You activate it by putting the code `"use strict";` at the top of a script or
a function.

------
rpwilcox
The great thing about there being so many Javascript transpilers these days is
that you can pick the right language to suit your needs.

Really want / need Google Closure / the latest ECMAScript stuff? ClojureScript
supports these things pretty well.

Really like Ruby (or Python) but find yourself in Javascript land?
Coffeescript is right for you.

There's some interesting buzz around getting Coffescript more Google Closure
compliant, which is probably the better way to go (assuming your targeting
front end JS, not Node).

But yes, there are certainly places where Coffeescript generates a crap-ton of
code, where if you can pinpoint your Javascript runtime (like in Node's case)
you could do more, better, and faster.

------
tlrobinson
This person seems to think that "less code" is "faster code".

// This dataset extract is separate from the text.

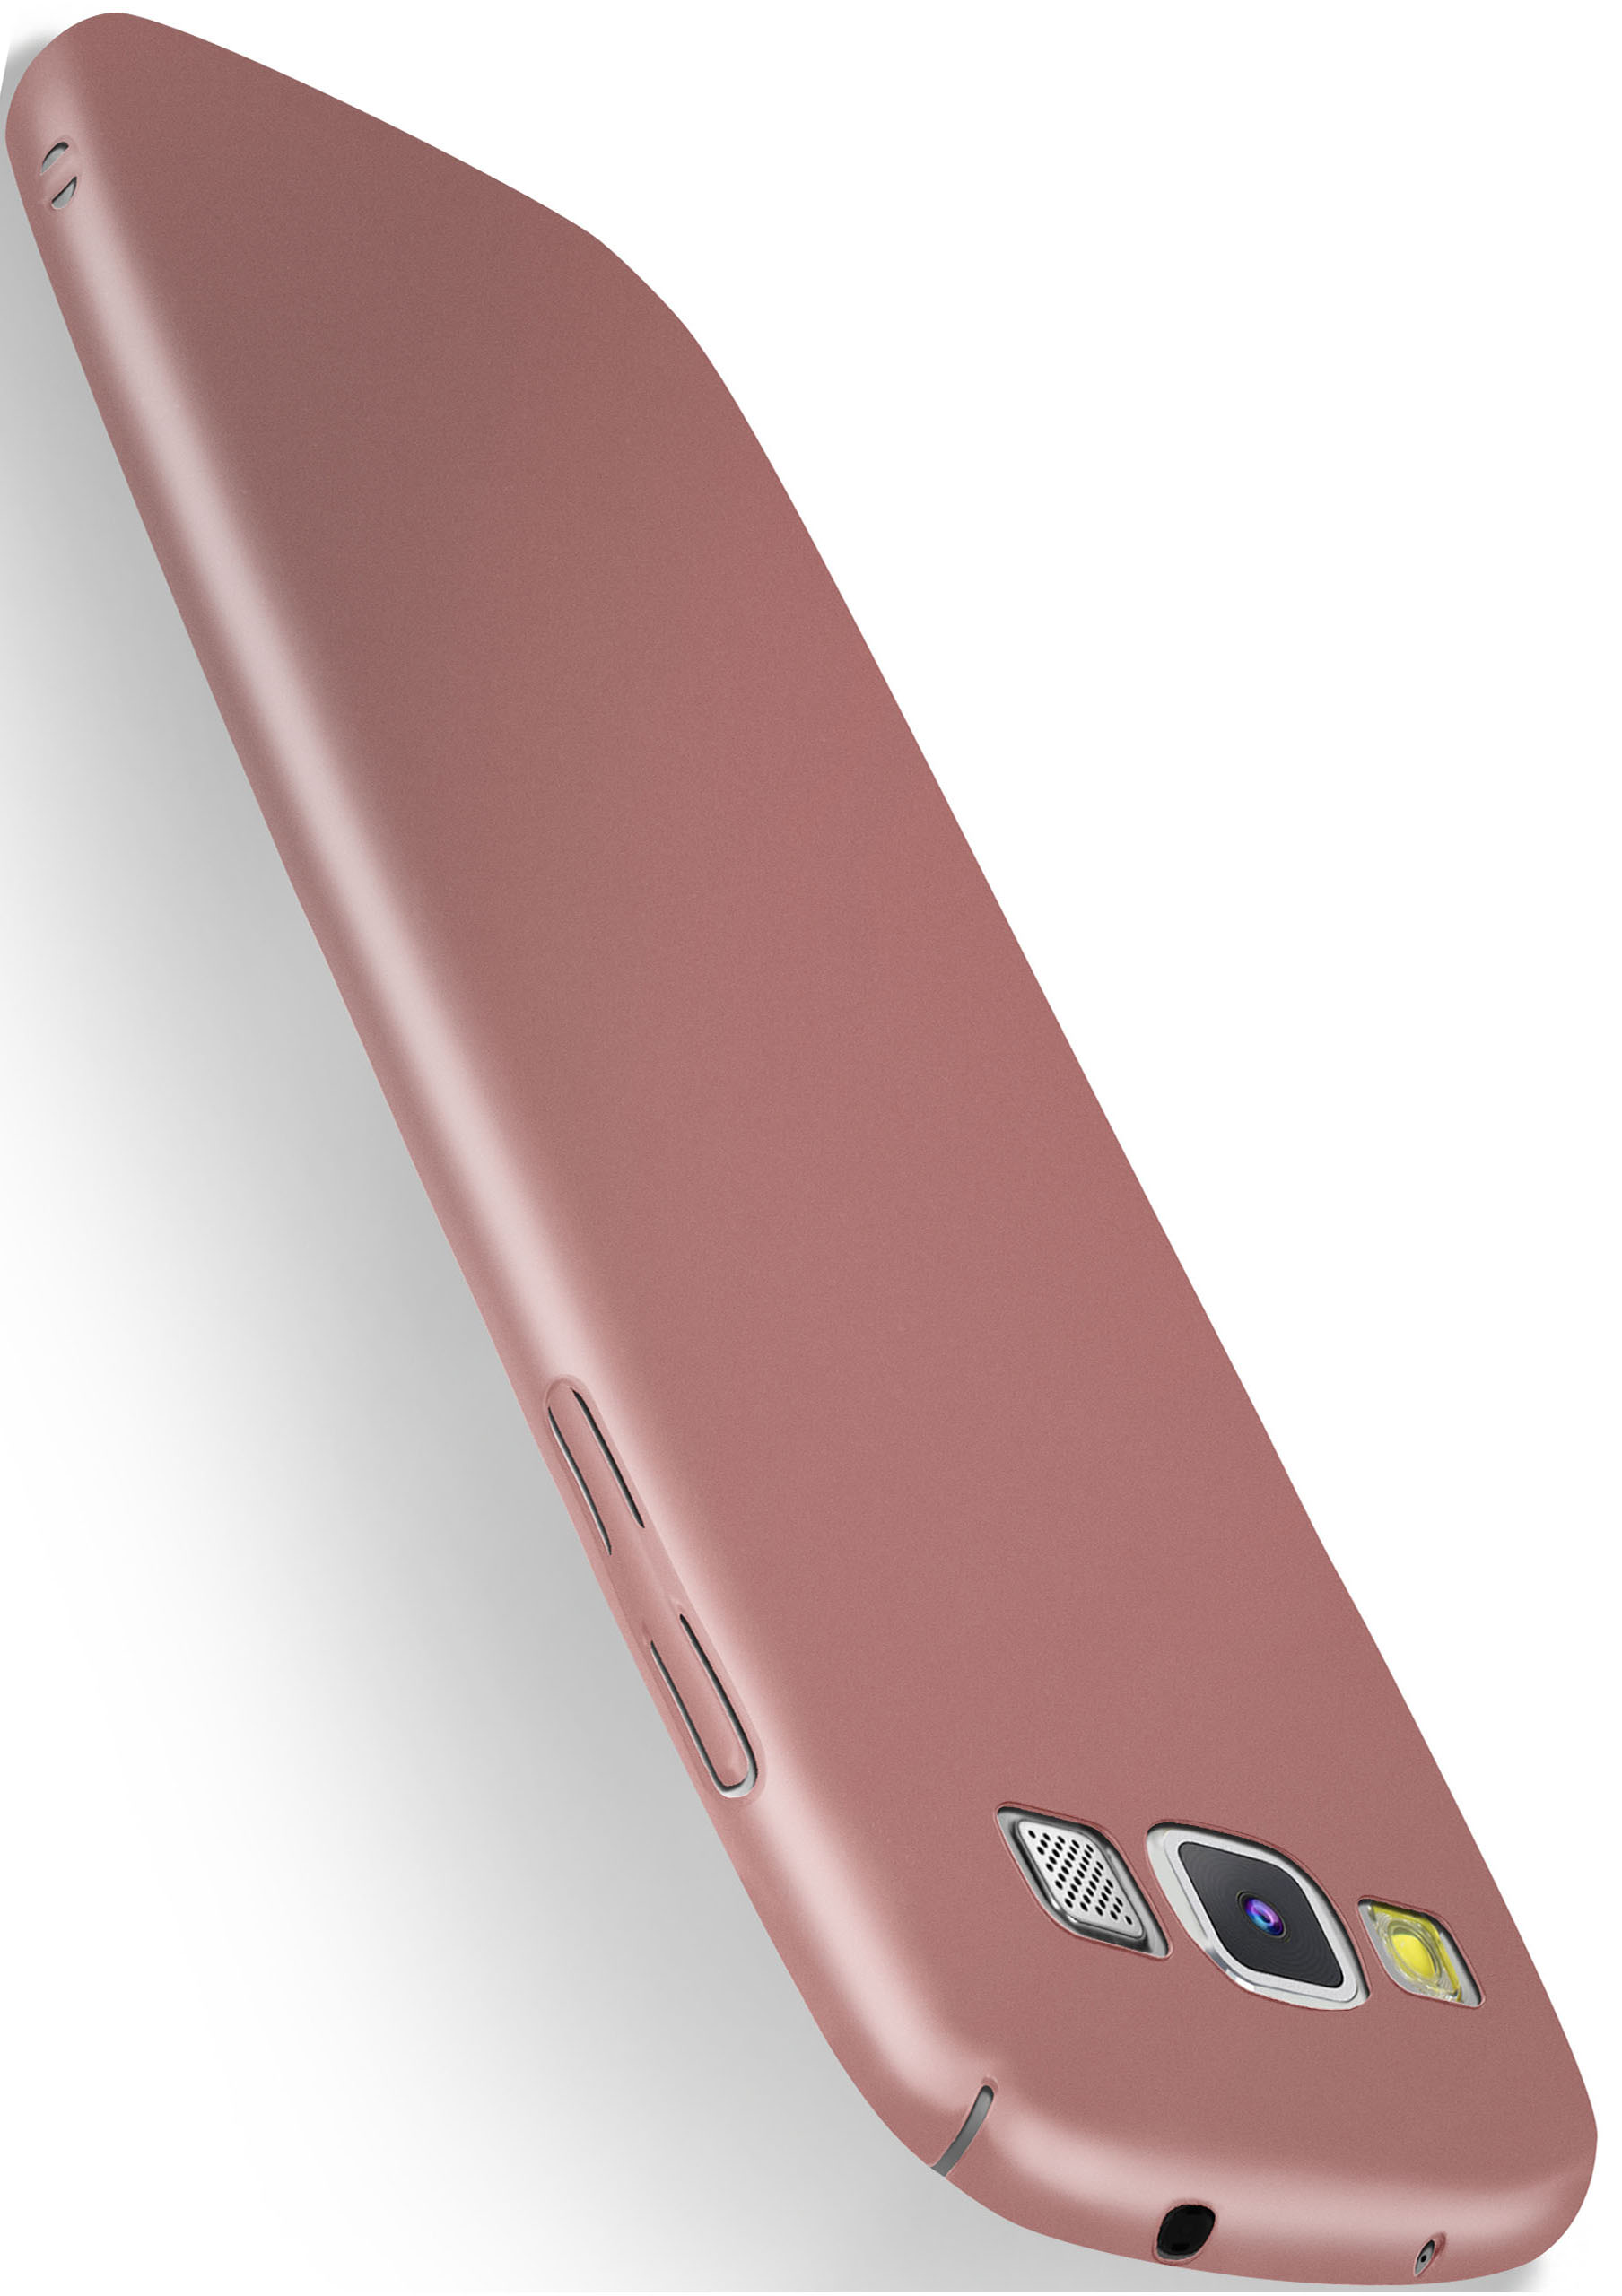 MOEX Alpha Case, Rose Neo, / Galaxy S3 Backcover, Gold Samsung, S3

 _Yes, I do have to give some credits to putting the number x number directly
into the push call_

Are they really suggesting

    
    
        _results.push(number * number);
    

is significantly faster than, say

    
    
        var result = number * number;
        _results.push(result);
    

Because it's not.

Though I do wonder why CoffeeScript doesn't do something like this to avoid
the function call:

    
    
        _results[_i] = number * number;

------
talles
Yet Another Coffeescript Rant